The scans are usually done when the baby is lying down. The midwife or parent can stay with the baby while the scan is performed. A special gel is put on the baby’s skin. Ultrasound scans are very safe and do not hurt but the baby may respond to the cold gel or to the probe as it is moved gently over the skin.
Ultrasound scans are particularly useful in the neonatal unit for imaging the newborn’s brain through the anterior fontanelle (soft spot of the skull), the liver, kidneys, pancreas and spleen and for investigating certain problems of the hips and spine. The range of ultrasounds performed in the Rotunda requires no preparation.
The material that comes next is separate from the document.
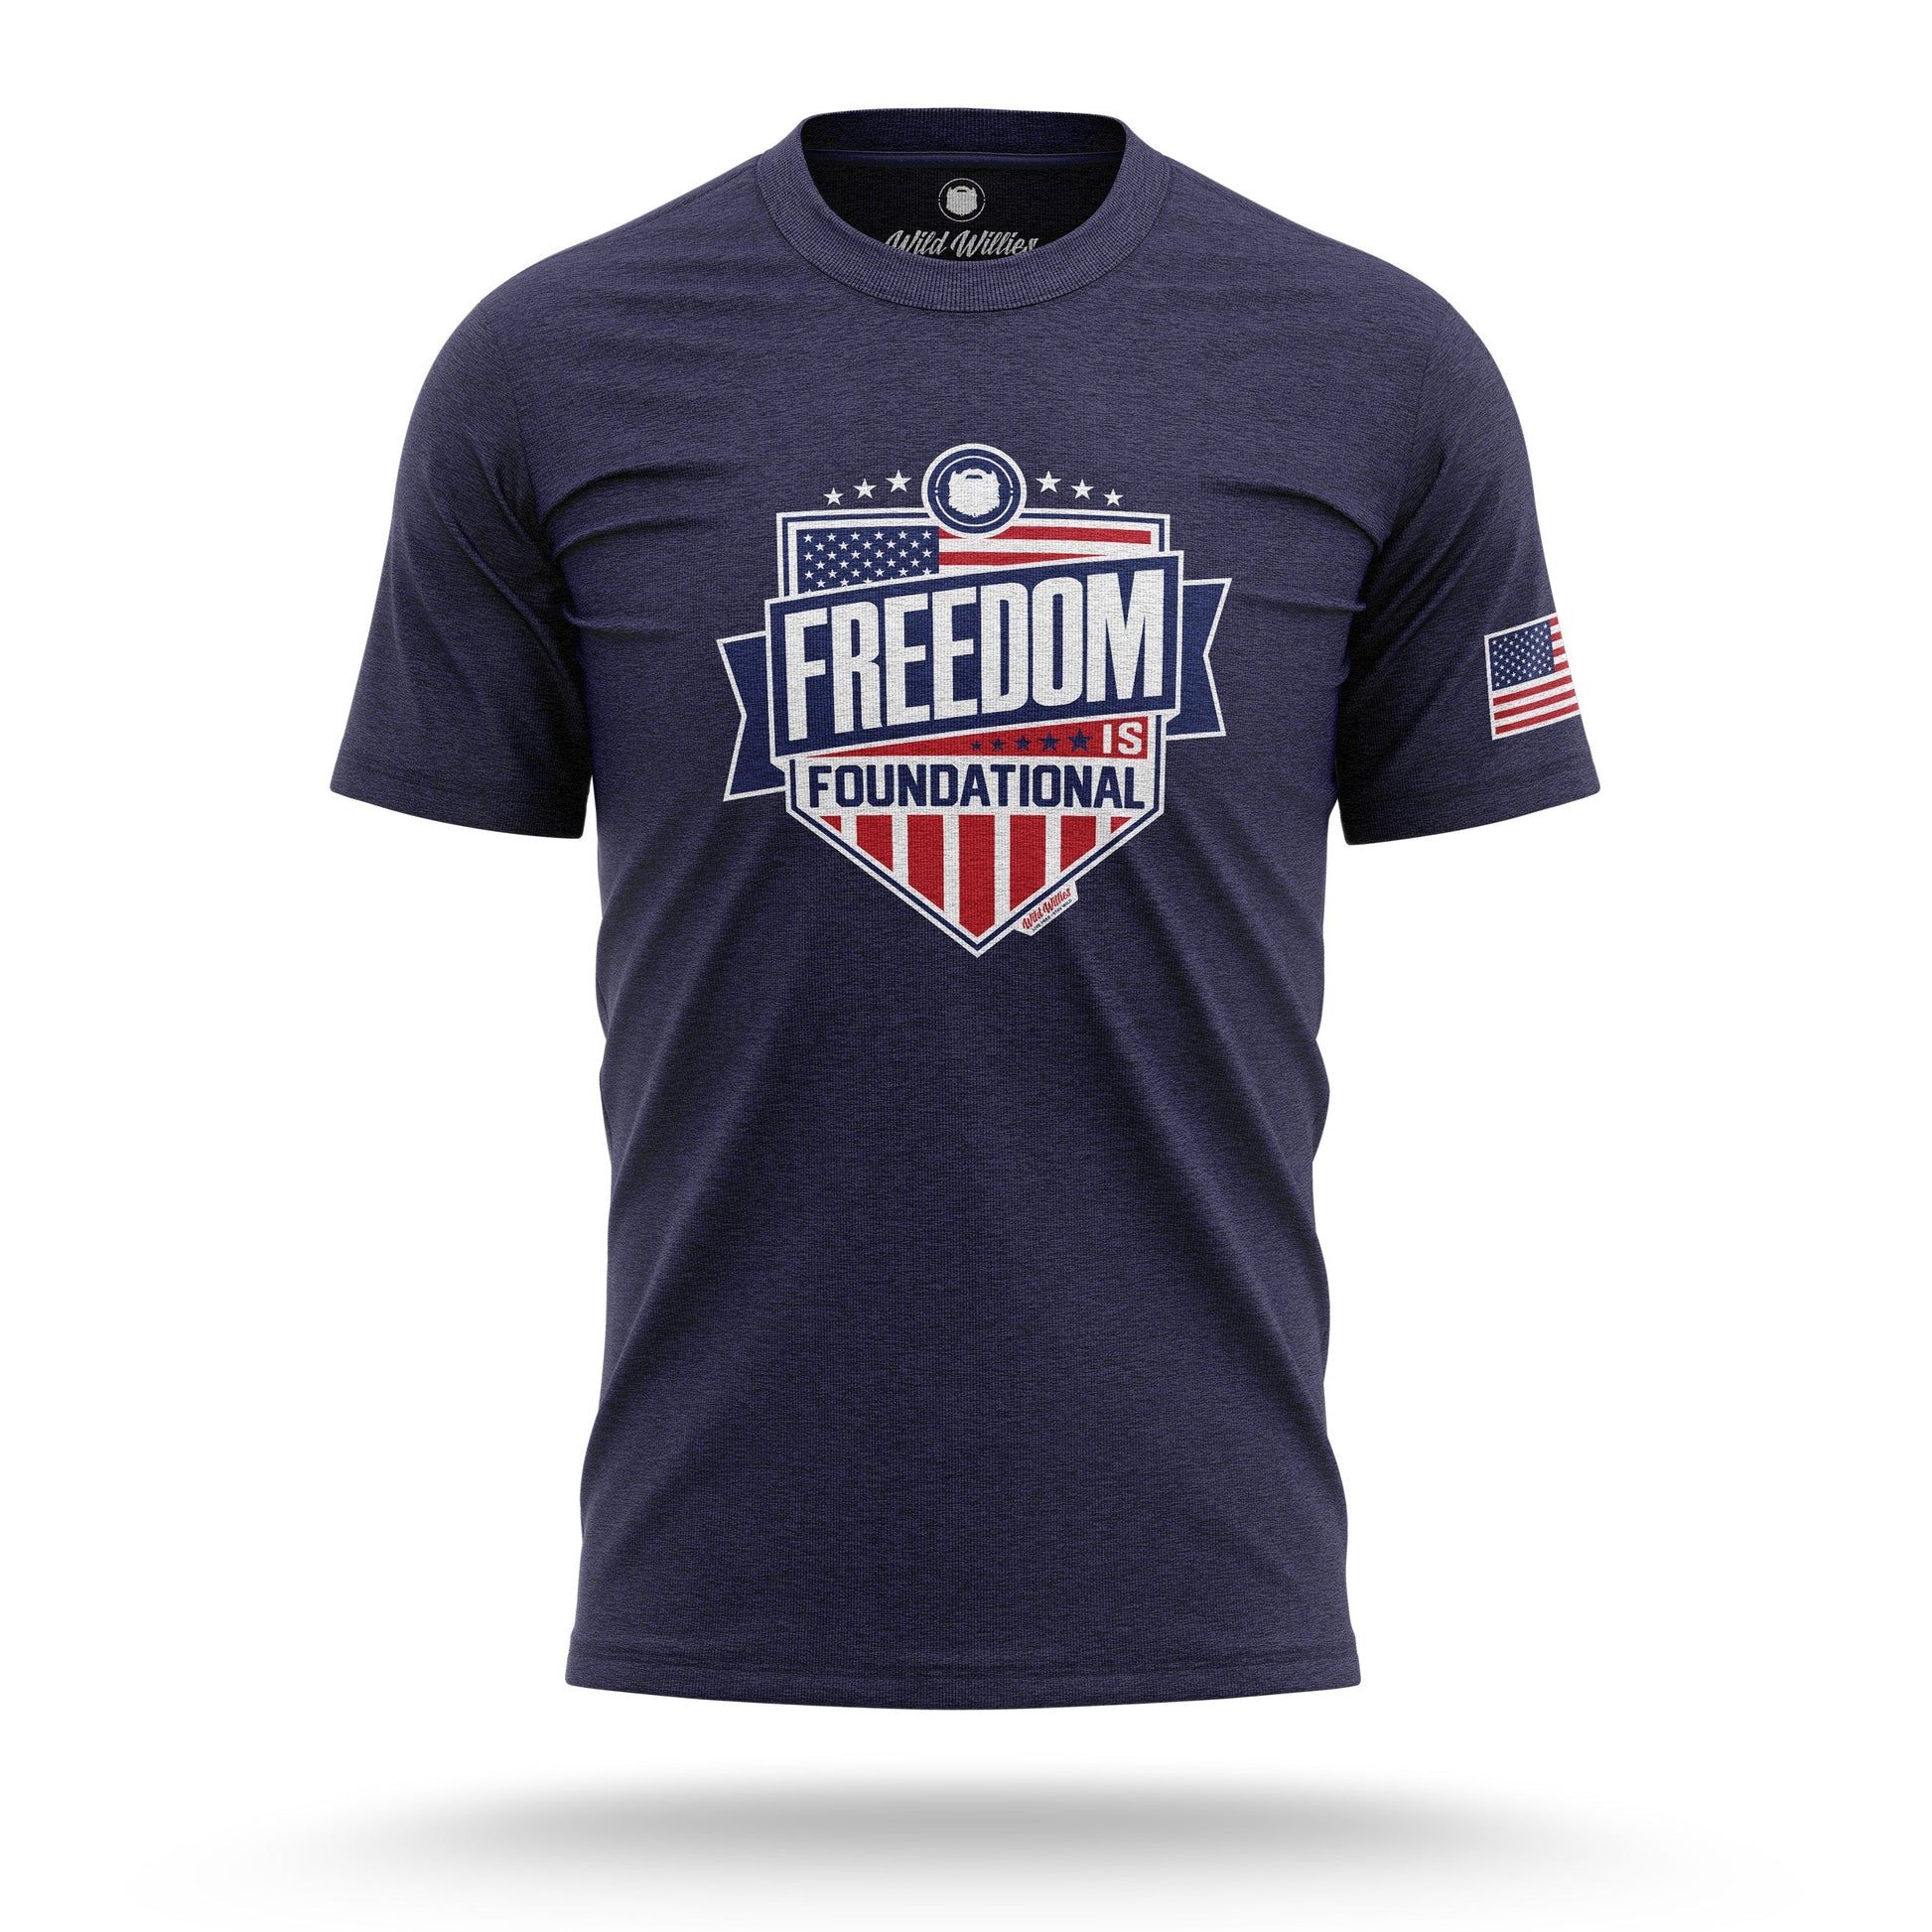 Freedom is Foundational - T-Shirt T-Shirt Wild-Willies S Navy

HSG is an x-ray examination of a woman’s uterus (womb) and fallopian tubes, where a special contrast (dye) is injected through the neck of the uterus. When the uterus and fallopian tubes are filled with contrast the radiologist is able to view the anatomy and function of the uterus and fallopian tubes.
For adults, we usually obtain one view of the chest while the patient is standing. If the patient is too ill to stand, we sit the patient on a chair or lay the patient on the x-ray table. The arms are held out of the way of the chest and the image is taken when the patient has taken a deep breath. No preparation is needed prior to this examination.
This usually consists of one view of the abdomen while the patient is lying on the x-ray table, or two views, depending on the clinical situation. The second view may be taken while the patient is standing up.